» **What is needed**:
Locate the line that contains "Padre Son Smiling" in the entries below, then repeat it and every following line through the line that contains "Gehwol Med Lipidro", exactly, and no others.

» **Material for the task**:
* * * *
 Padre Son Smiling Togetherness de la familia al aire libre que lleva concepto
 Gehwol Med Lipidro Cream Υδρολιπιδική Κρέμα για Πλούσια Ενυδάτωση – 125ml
* * * *
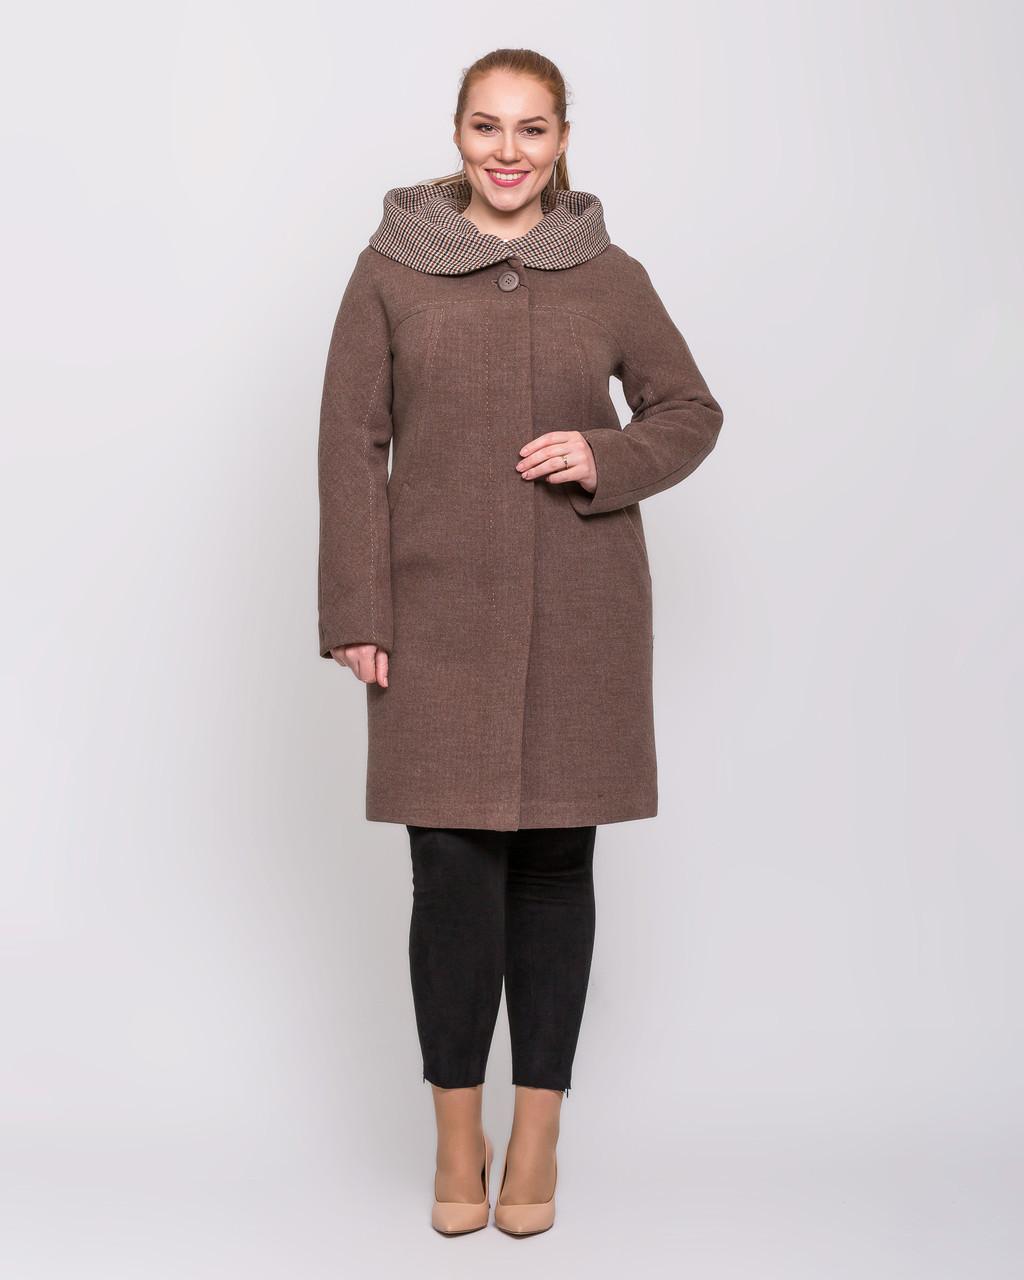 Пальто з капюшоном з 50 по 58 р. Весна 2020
* * * *
» **Final answer**:
 Padre Son Smiling Togetherness de la familia al aire libre que lleva concepto
 Gehwol Med Lipidro Cream Υδρολιπιδική Κρέμα για Πλούσια Ενυδάτωση – 125ml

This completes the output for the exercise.